Here in California Governer Newsom just released a new set of "guidelines" that guarantees California will stay locked down forever. I suspect that they will make some bullshit rule like "if 70% of the population in your county gets vaccinated then you can jump down to the minimal tier regardless of cases". The lowest tier is "minimal", represented by the color yellow, there is no green "back to normal" tier. They've abandoned both hospitalizations and deaths as metrics and are using just cases and case positivity rate, selected such that it is impossible to ever exit lockdown because to get the positivity rate down low enough you need to test enough such that the false positives alone would keep us locked down.


In retrospect, I think basically everything I predicted has come to pass, it's clear now that this pandemic was almost entirely an artifact of eroding the "pathological vs physiological distinction":

Patient: Hey doc, I've got a coronavirus infection that is causing me no symptoms whatsoever, and overwhelming evidence points to the fact that I couldn't infect someone even if I tried

Doctor: Open-and-shut case. You've got coronavirus infectious disease 2019.

Patient: ...


Jerry, you mentioned PCR having a 20-30% false positivity rate way back when, and now we have evidence that it's closer to 90%, and thus the vast majority of positives are hitting on either (a) remnant viral debris in the absence of active infection, or (b) viable sars-2 but not in high enough amounts to infect another person. Primarily (a).

The entire concept of "asymptomatic COVID-19" is a sham, asymptomatic SARS-2 is real, asymptomatic COVID-19 is an oxymoron because it's neither a disease nor infectious if you're a true asymptomatic.


The presence of pre-existing T-cell cross reactivity in the majority of the population explains a lot about why some people seem to not infect others, and why there are probably some real asymptomatics (it's hard to say now because these asymptomatic cases could have been these fake PCR positives all along).

I had meant to update my writeup to mention the concept of heterogenous susceptibility as opposed to a simplistic homogenous view; heterogenity means that the true herd immunity threshold is lower than a simplistic model would predict. The presence of T-cell cross-reactivity further reduces the HIT. Many of us now think the HIT for covid is something like 15-20% seroprevalence.
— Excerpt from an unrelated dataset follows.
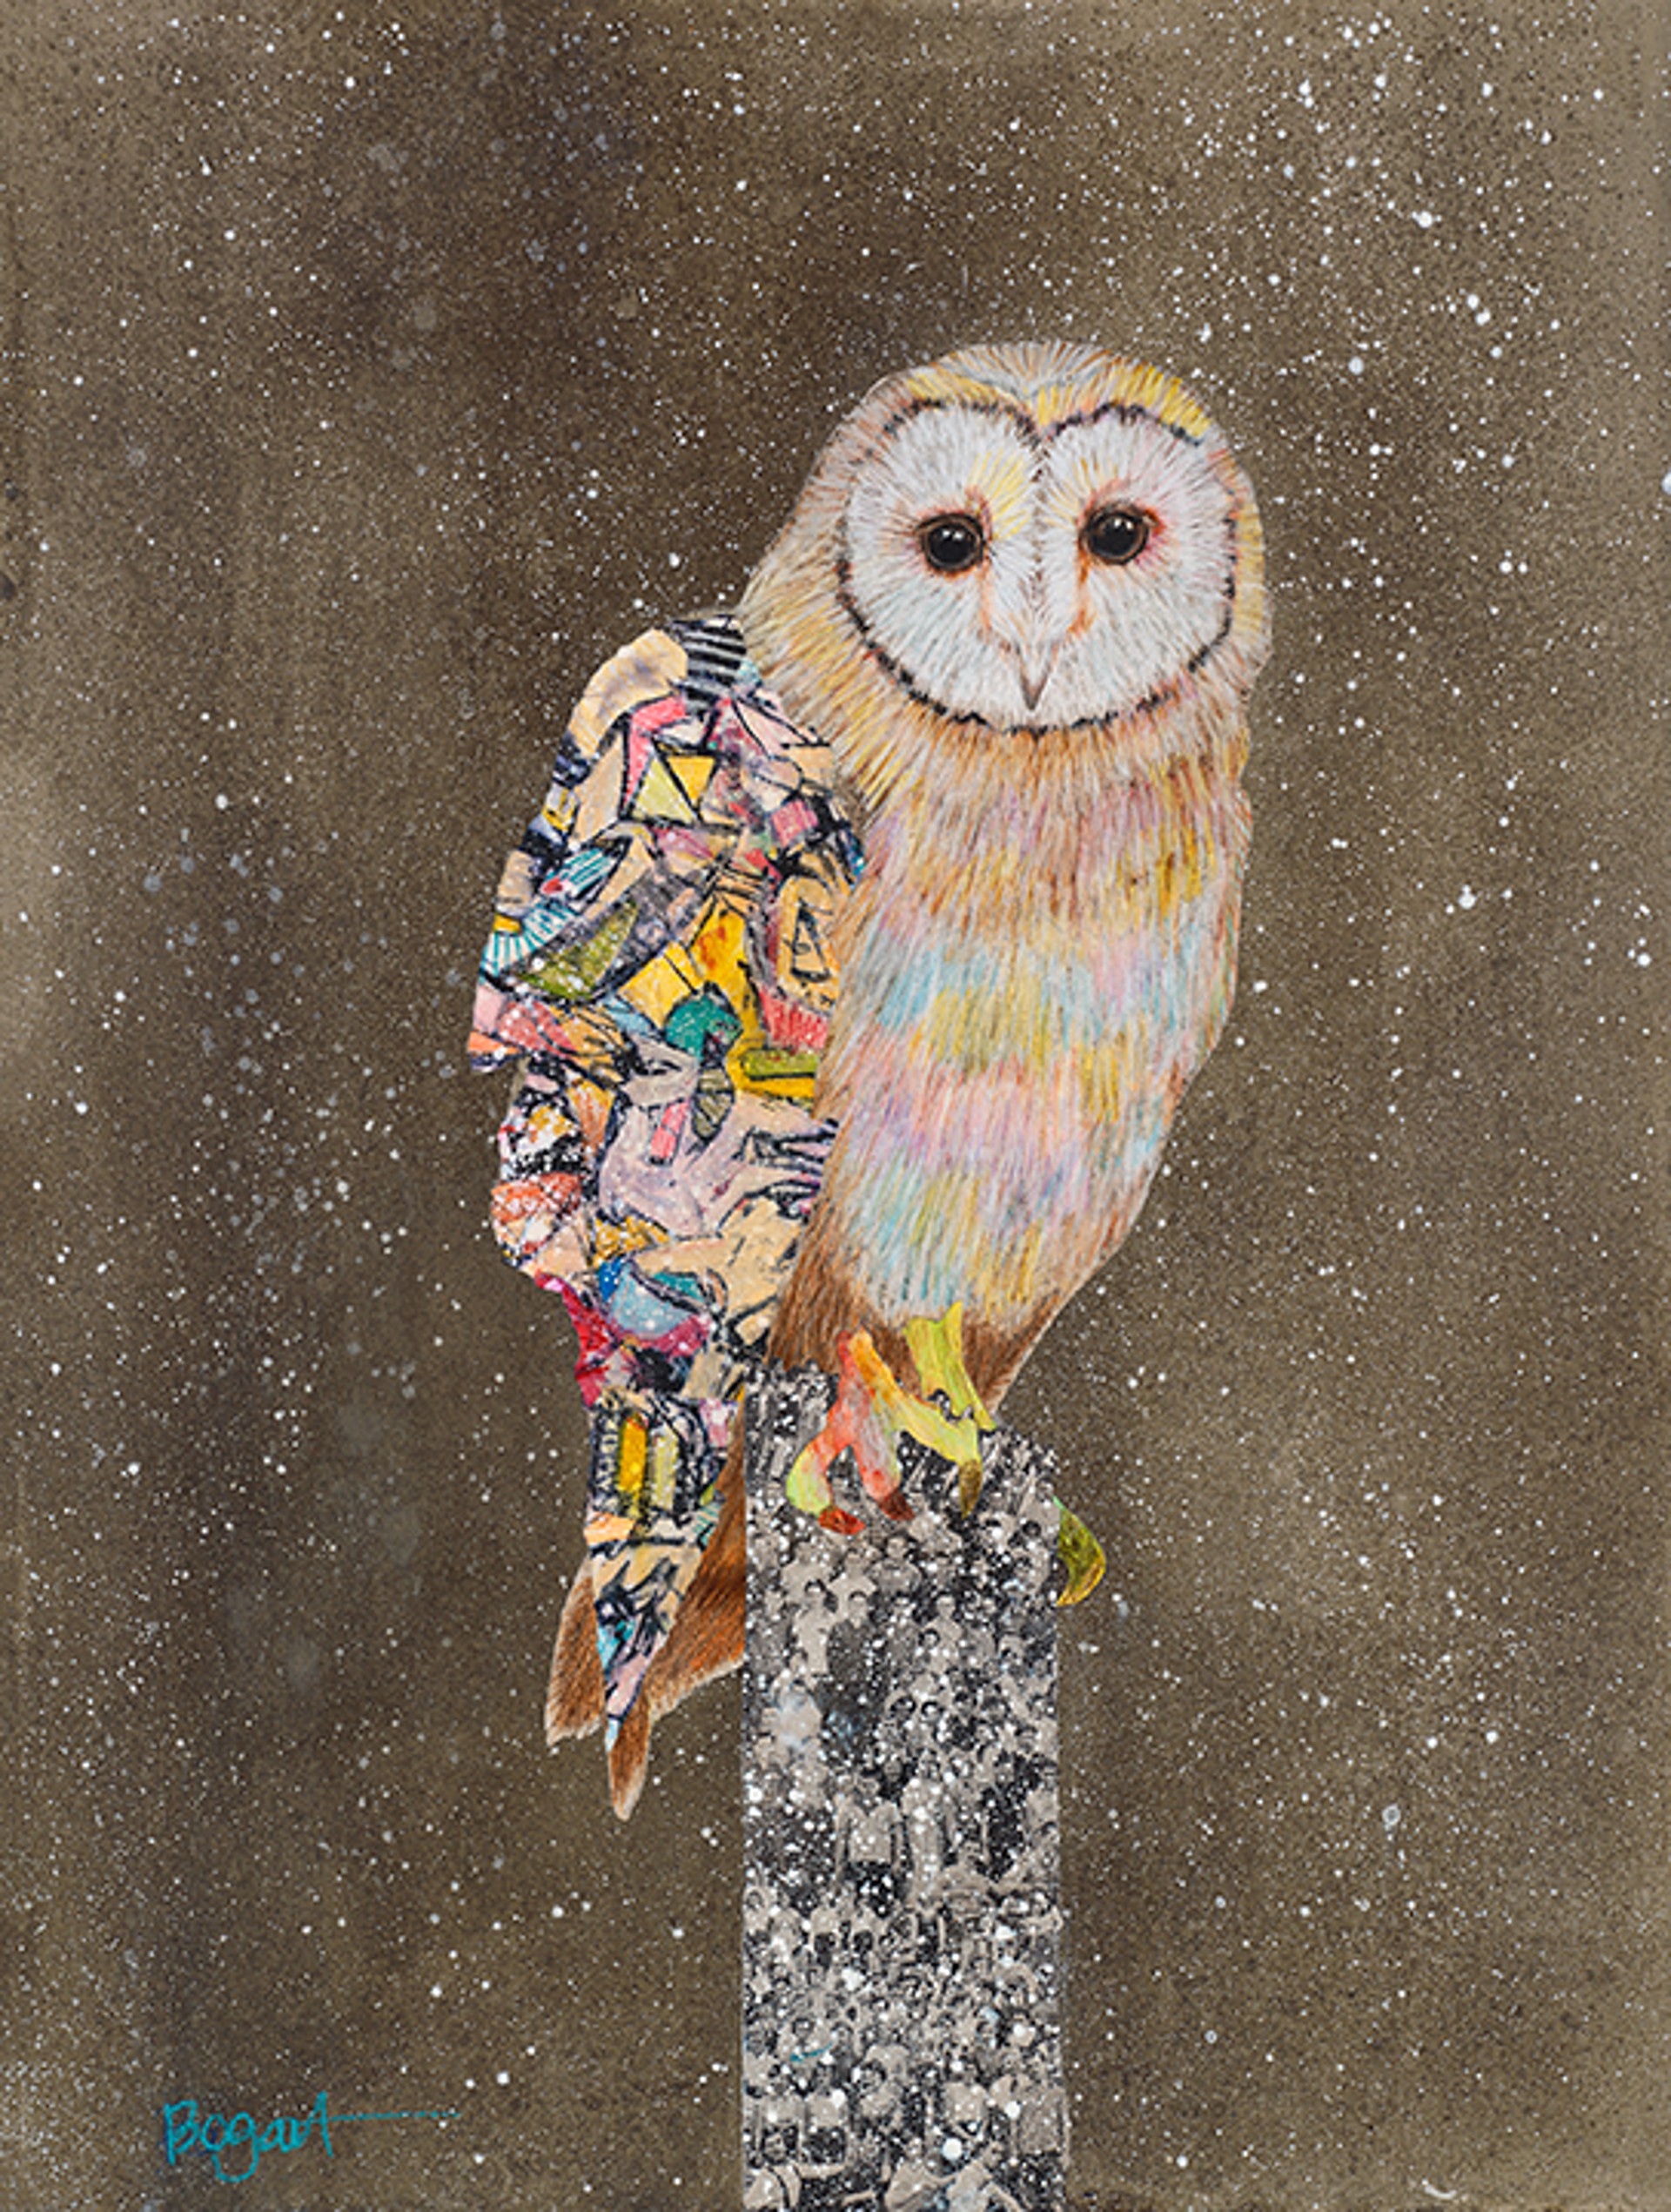 Barn Owl on a Snowy Night 3 by Brenda Bogart - Prints

As we all expected, Sweden had it right all along by not freaking out and losing their shit. Very jealous of their health leadership.

Living in a democrat-run state, masks are mandated indoors statewide, and were already mandated indoors at the county level. I see people wearing masks just to walk around in the open air by themselves.
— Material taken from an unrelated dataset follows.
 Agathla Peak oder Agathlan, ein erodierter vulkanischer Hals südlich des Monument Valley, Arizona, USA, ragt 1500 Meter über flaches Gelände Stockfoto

Over time my views have only gotten more "radical": back when I did the writeup I still reluctantly advocated for suspending mass gatherings, I now think that no limits should be put on the general population whatsover. Universal masking is complete pseudoscience but if we assume it does slow transmission (I don't think it does) that's a bad thing since we should not slow the spread of SARS-2 in the general population.
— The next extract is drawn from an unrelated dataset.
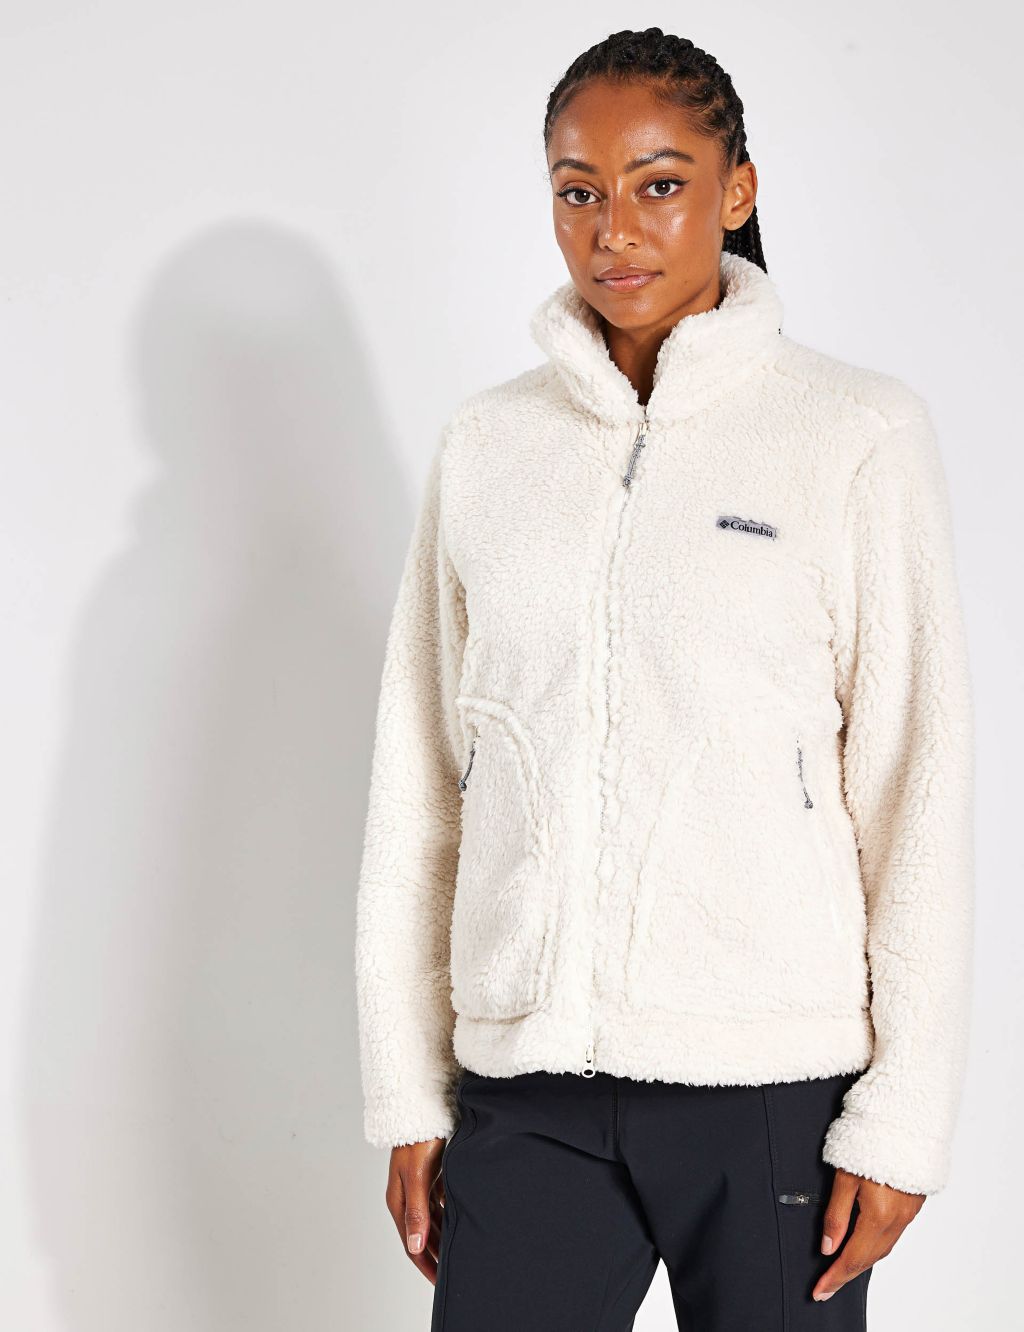 Women's Winter Fleece Jackets on Sale | bellvalefarms.com

I suspect about 90% of our recorded COVID deaths are basically a fabrication; someone died and happened to be PCR positive, but COVID didn't kill them. For those that did legitimately die of COVID, the years of life lost is quite small because COVID primarily kills the extremely old.

The universe where we never knew SARS-2 existed yet it emerged just the same is a universe with less poverty, more human rights, less all-cause mortality and likely less COVID-19 mortality.

Which reminds me on the other point I've gotten more radical on: I believe that lockdowns don't trade all-cause mortality to improve COVID-19 mortality; rather, I believe that lockdowns worsen both COVID-19 mortality and all-cause mortality, and thus are just a lose-lose situation.

The fact that we haven't reopened schools is completely laughable to me, and the fact that we are going to force kindergarten-aged kids to wear these disgusting masks and to undertake these reprehensible psychologically damaging social distancing measures is equally sad.

Hope things are going well for you all things considered.